• _Task brief_: Transcribe the data exactly. Pictures stay out.

• _Given material_:
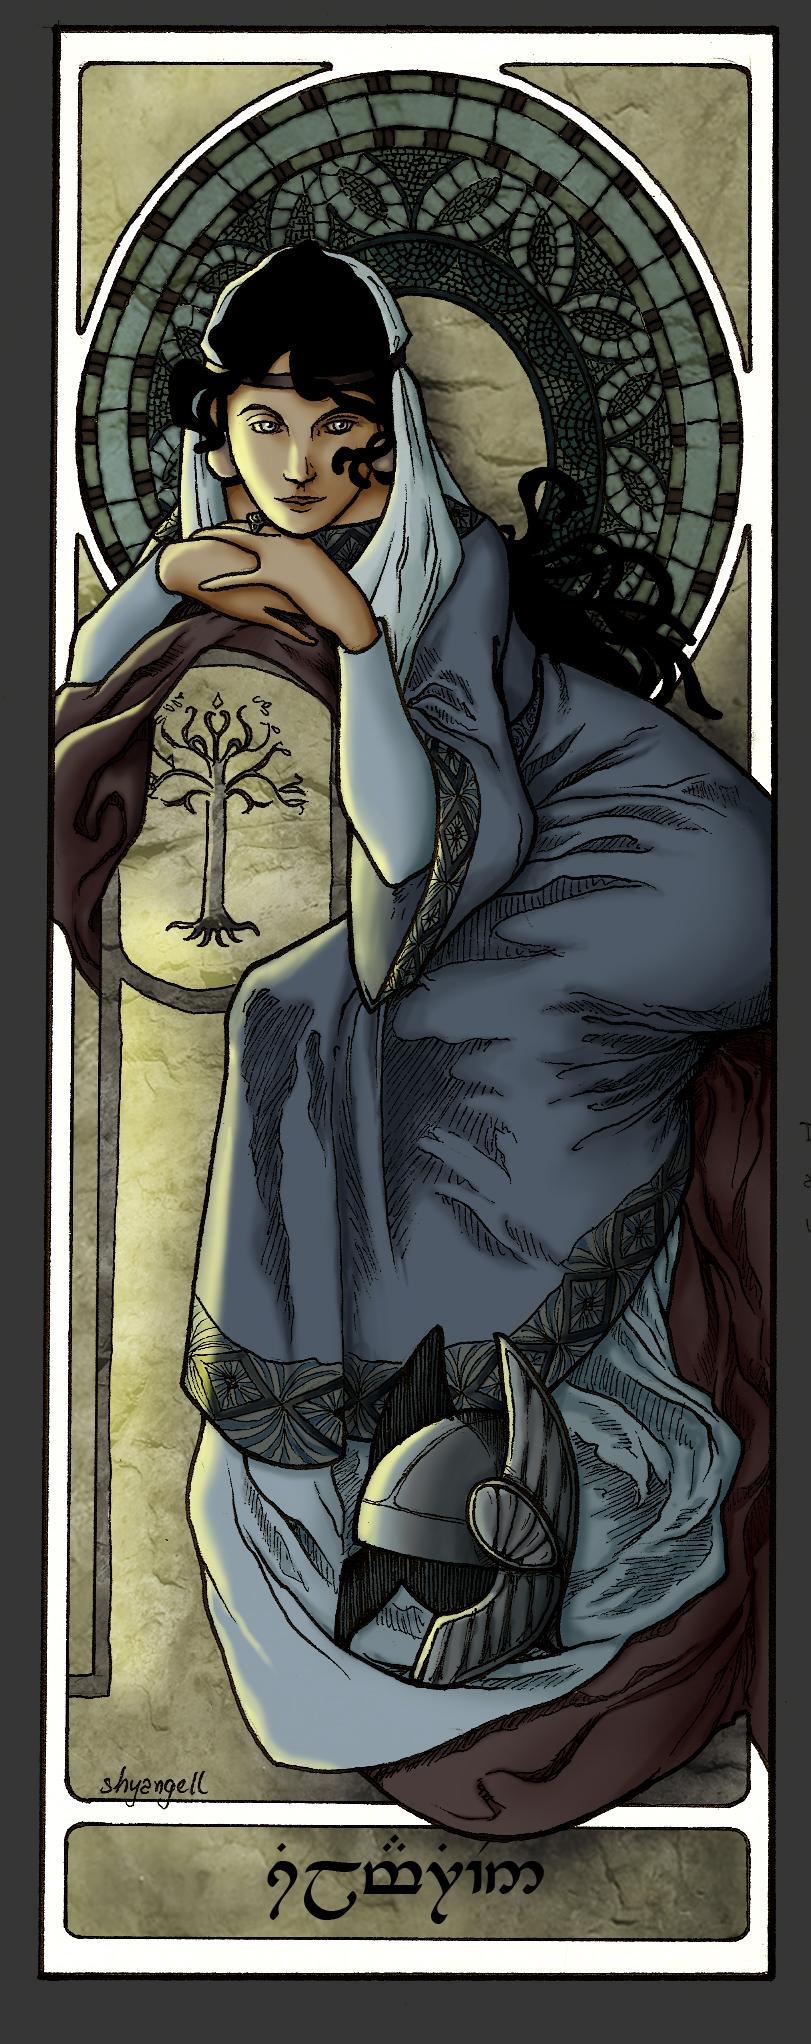 Queens Of Numenor - Princess Silmarien by shyangell
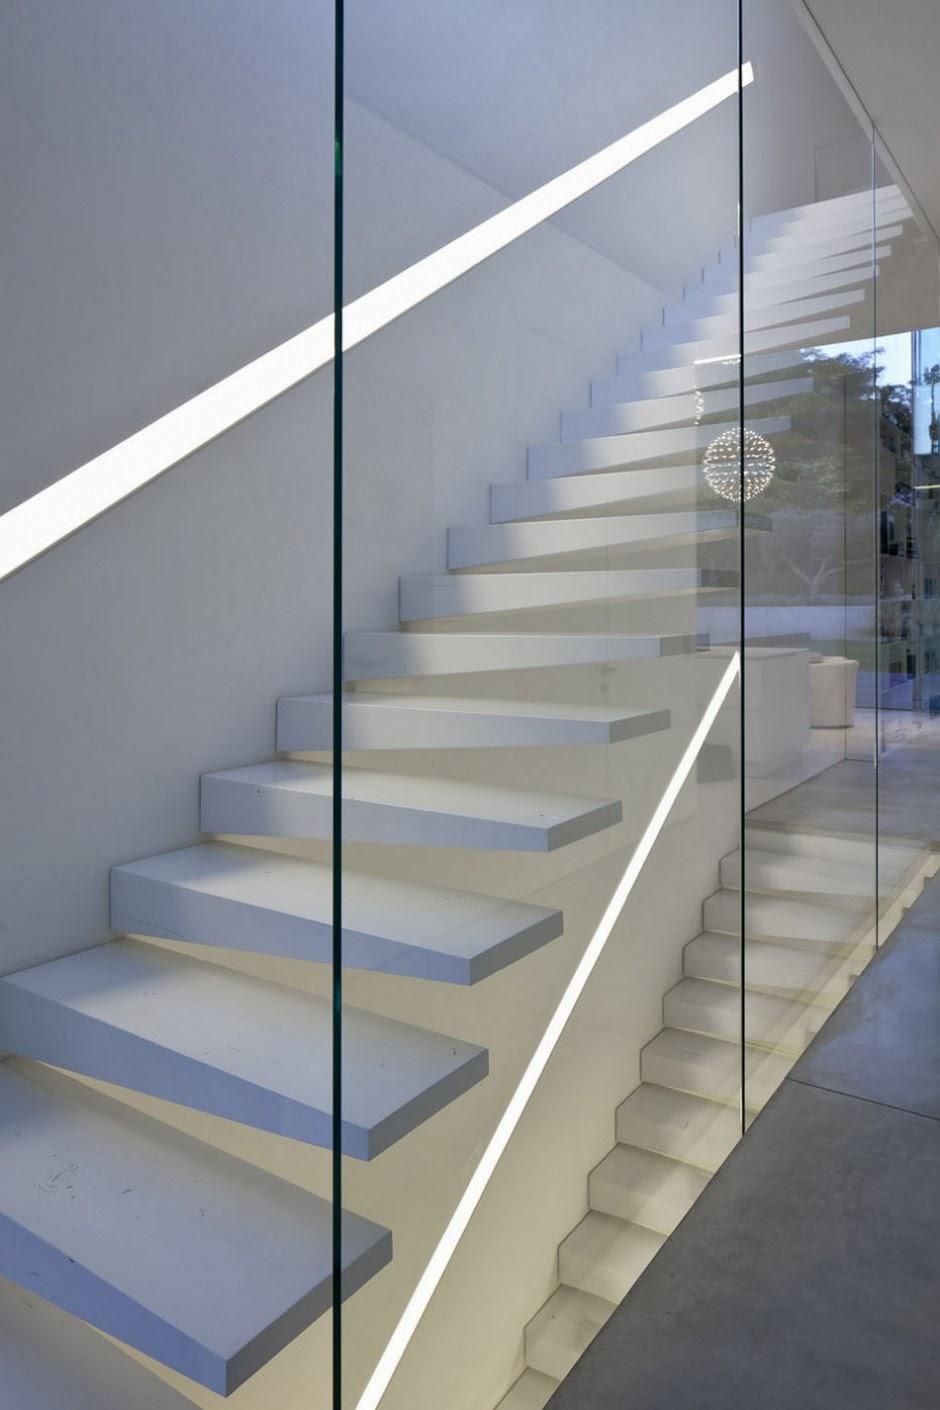 Diseno Escaleras Interiores Blancas Arquitexs - Diseo-escaleras-interiores
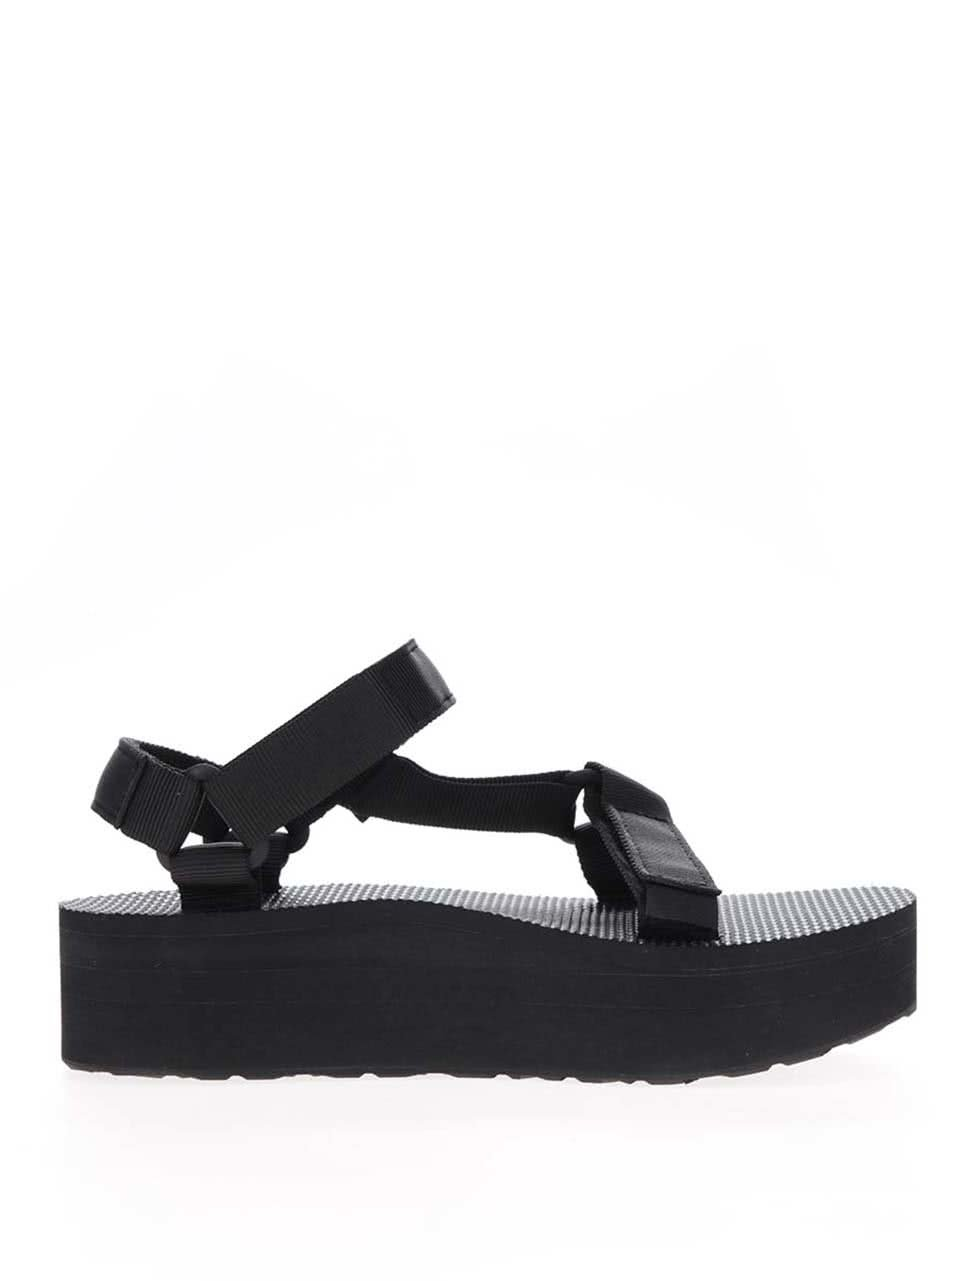 6720b972ee19 Čierne dámske sandále na platforme Teva ...
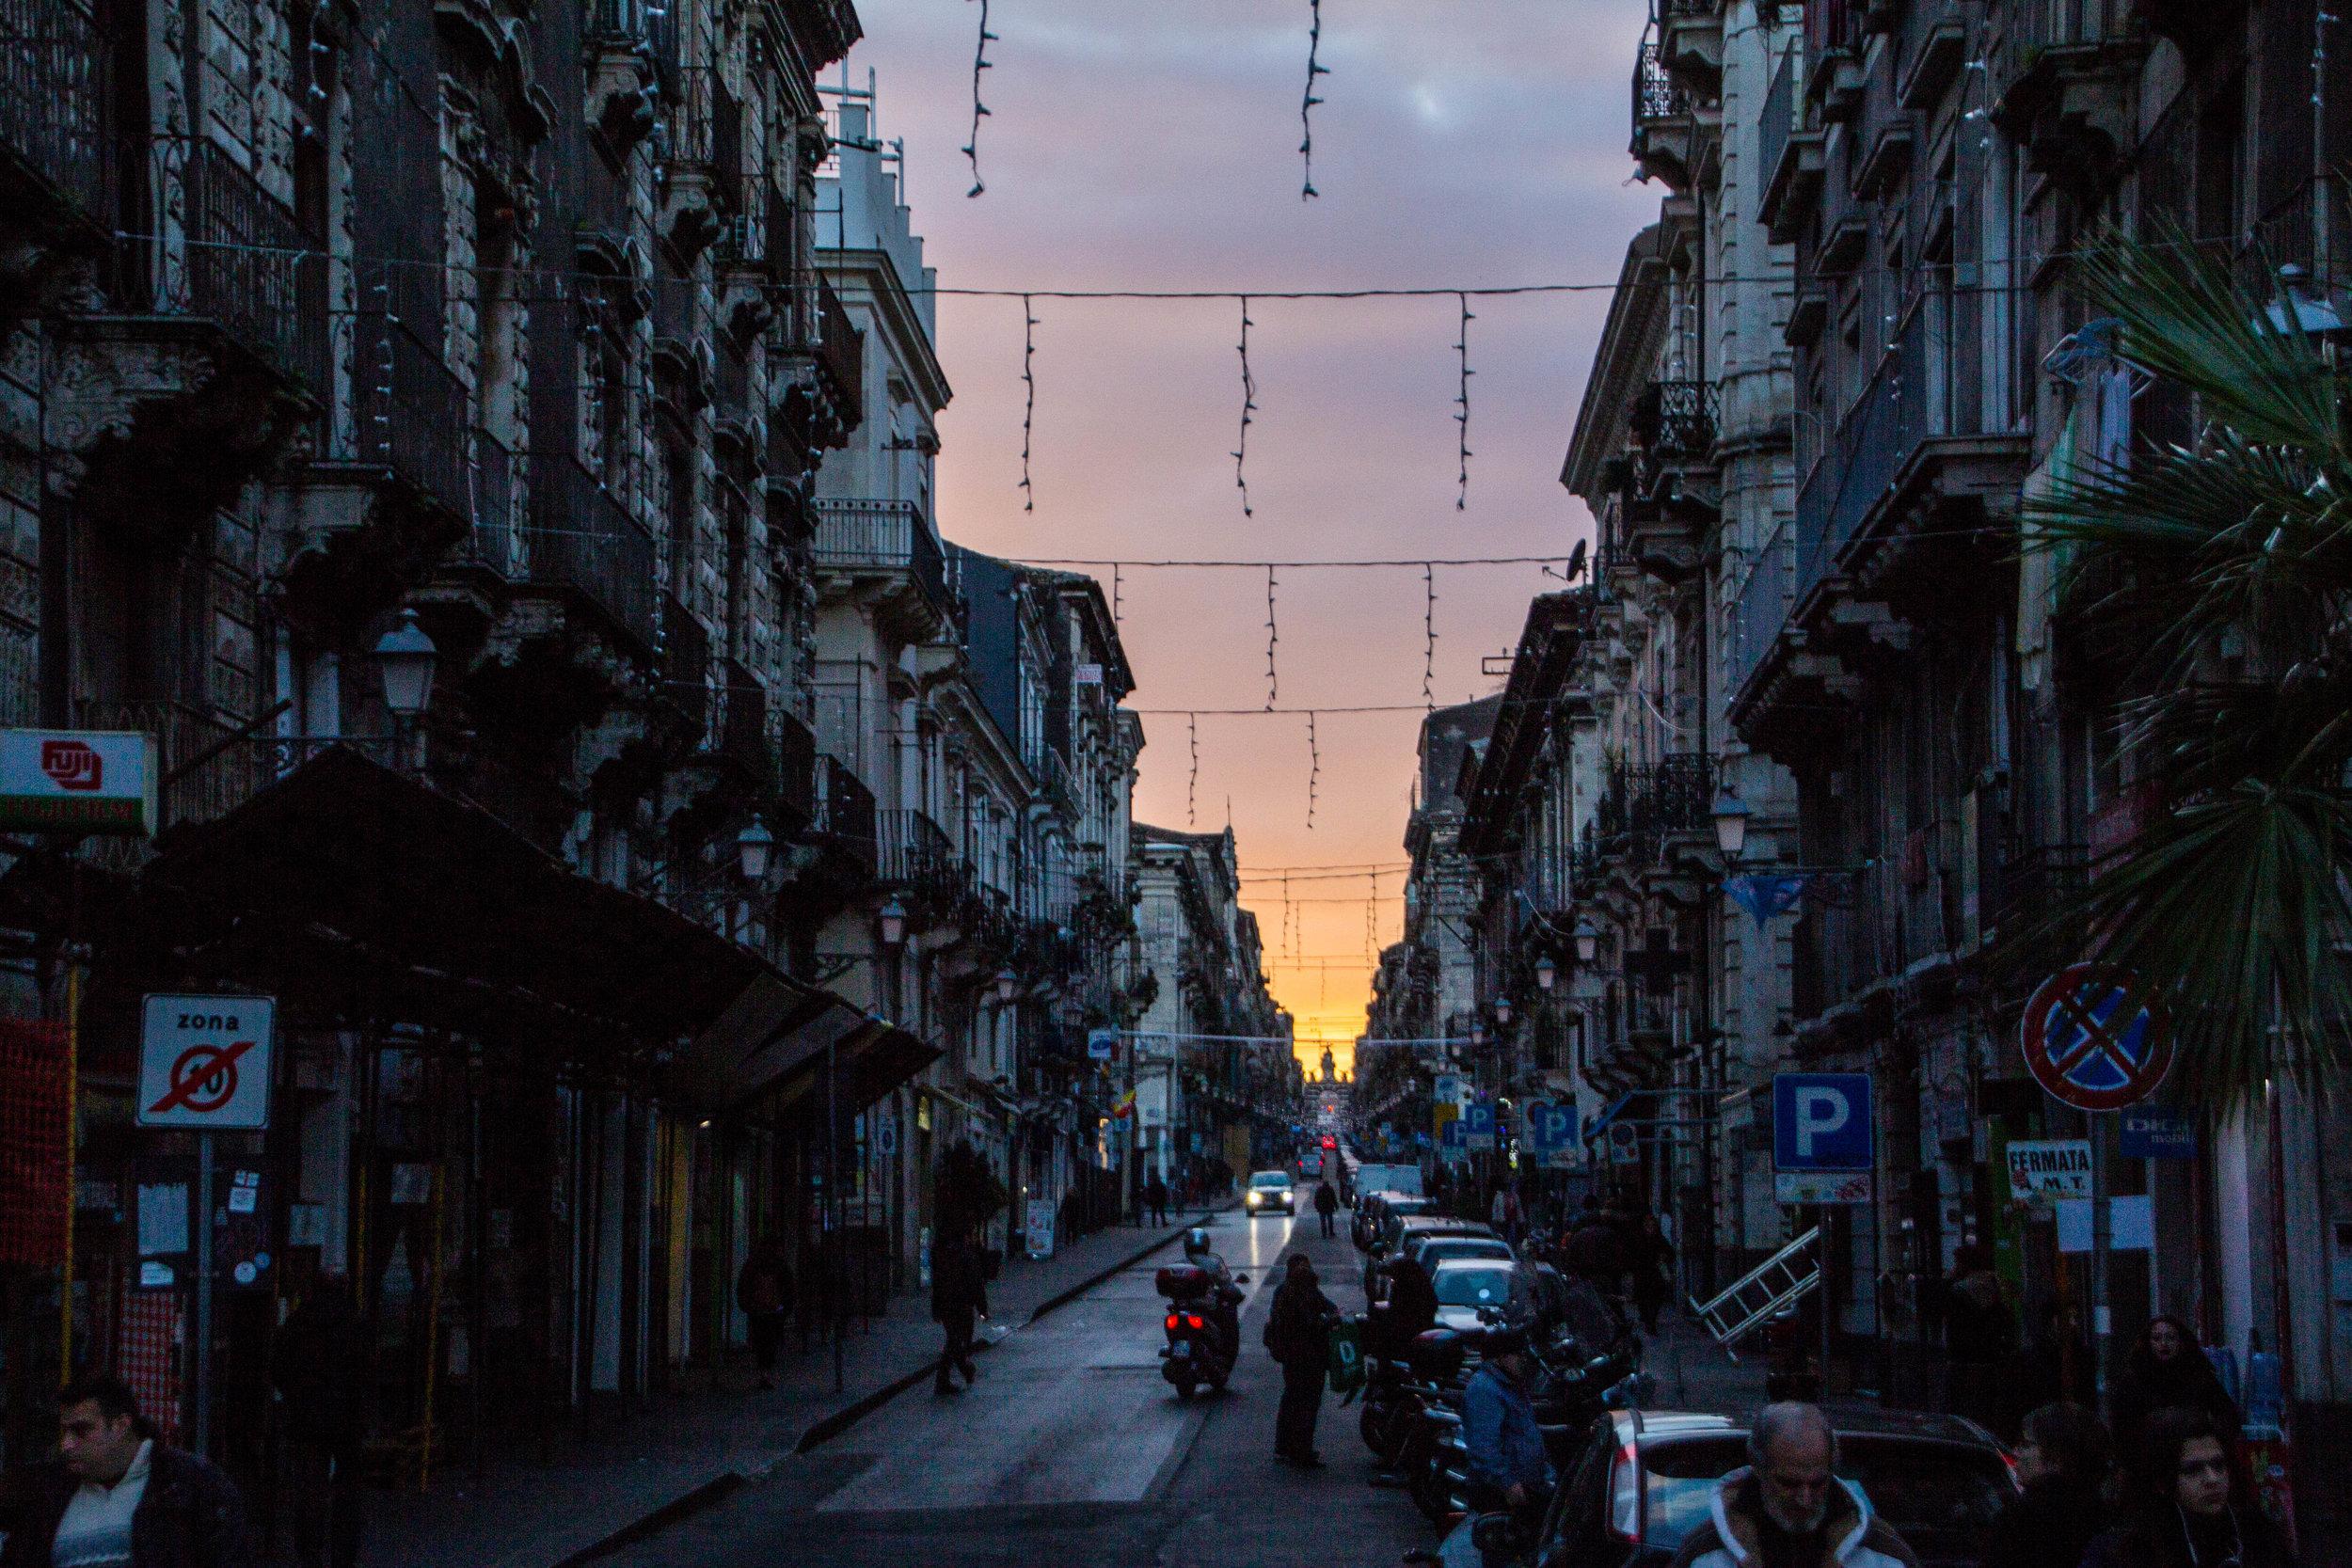 streets-catania-sicily-sicilia-29.jpg

• _Answer section_:
 Queens Of Numenor - Princess Silmarien by shyangell
 Diseno Escaleras Interiores Blancas Arquitexs - Diseo-escaleras-interiores
 6720b972ee19 Čierne dámske sandále na platforme Teva ...
 streets-catania-sicily-sicilia-29.jpg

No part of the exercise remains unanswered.